Let me acquaint you with the age-old idiom called“log kya kahenge?”The question that literally begs: what will people say?

It is our favourite pretext for denying anything that could ‘taint’ your family’s reputation, or worse, have society ostracise them. Archaic as it may sound in an era where families are becoming nuclear and our livelihood doesn’t hinge on communal acceptance as it may have in a more primitive past, this precept lies deep in our collective subconscious. So strong is our fear of public opinion that it overshadows reason and suffocates logic, justifying silence in the face of some of our worst social atrocities. For the only shame worse than suffering is to expose vulnerability.
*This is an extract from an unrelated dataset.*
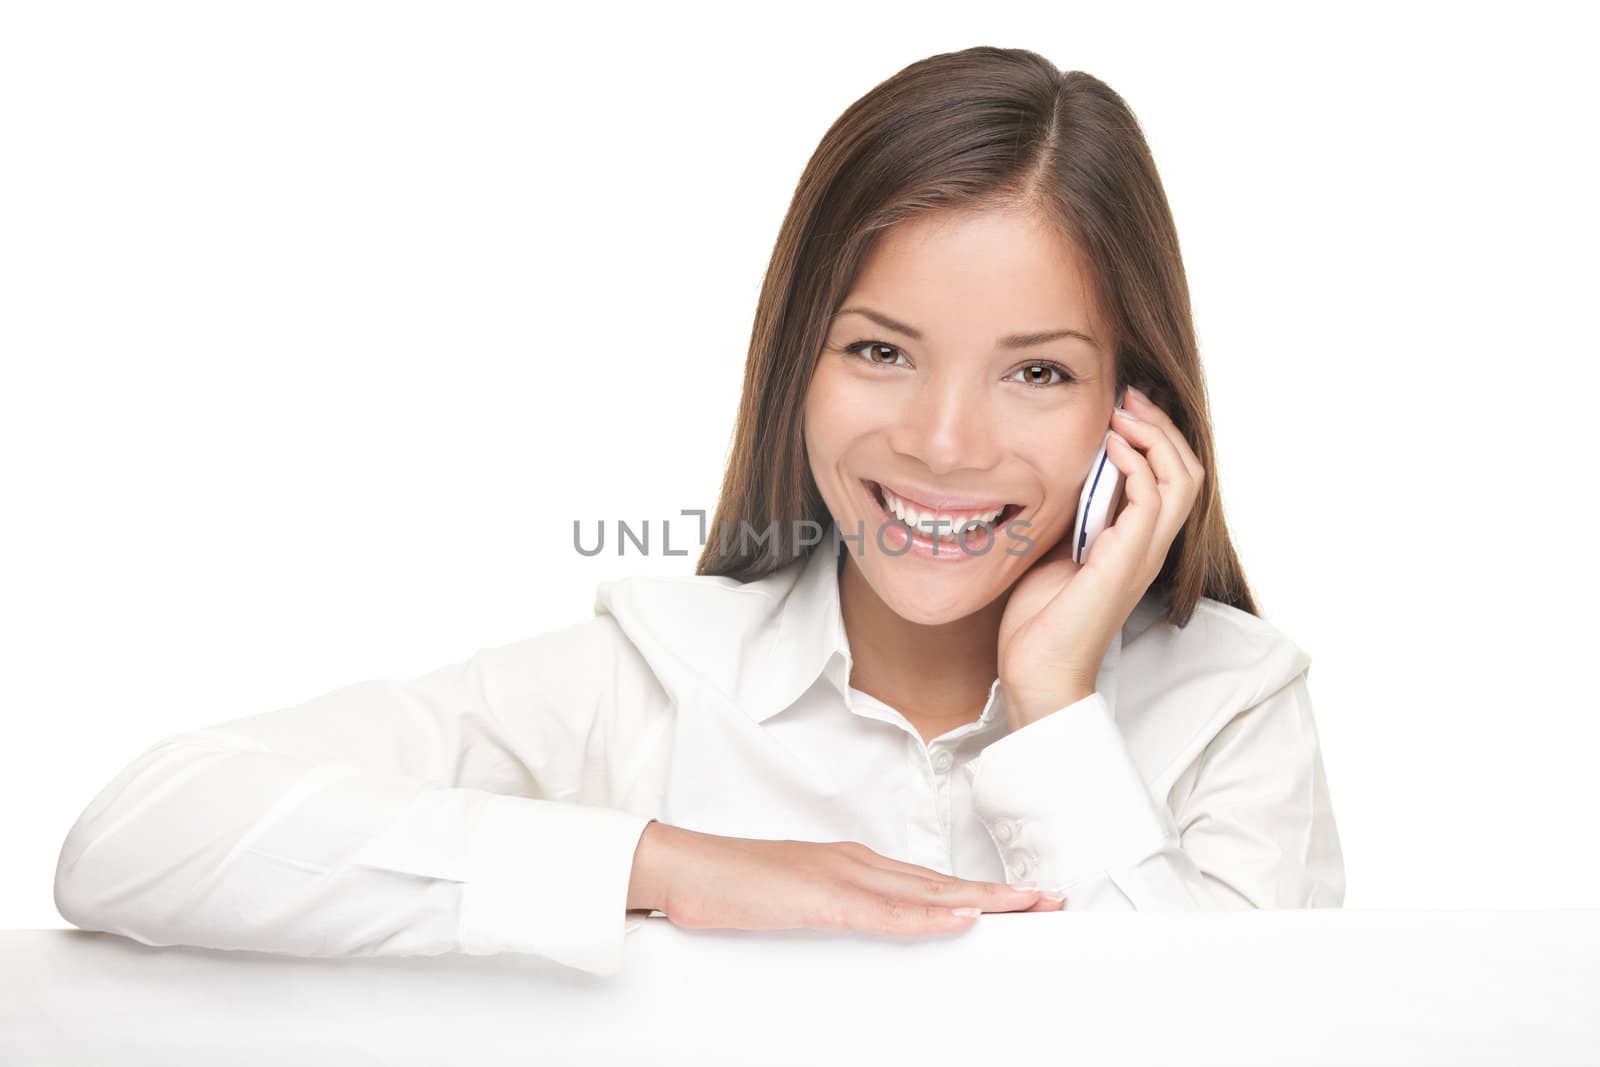 Woman showing billboard sign while talking on mobile phone and smiling. Young beautiful woman standing behind blank white billboard. Casual young Asian / Caucasian female model with very friendly relaxed smile. Isolated on white background

Sadly, when this syndrome echoes at the highest echelons of power, an insecure complex of “firang log kya kahenge,” even the most innocuous forms of inquiry, ignorant as the inquirer maybe, become grounds to take offence. And so long as it is our household honour under siege, it will warrant blind defence, diluting the pursuit of debate into unhinged tirades where uniformity masquerades as unity. But, the more we subscribe to such totalisms, fixated on the extraneous, the more we preclude introspection. Until we reach a point where we are so steeped in hubris and mired in self-made fallacies, that we cannot recognize the rot, or even fathom the possibility of talking about it.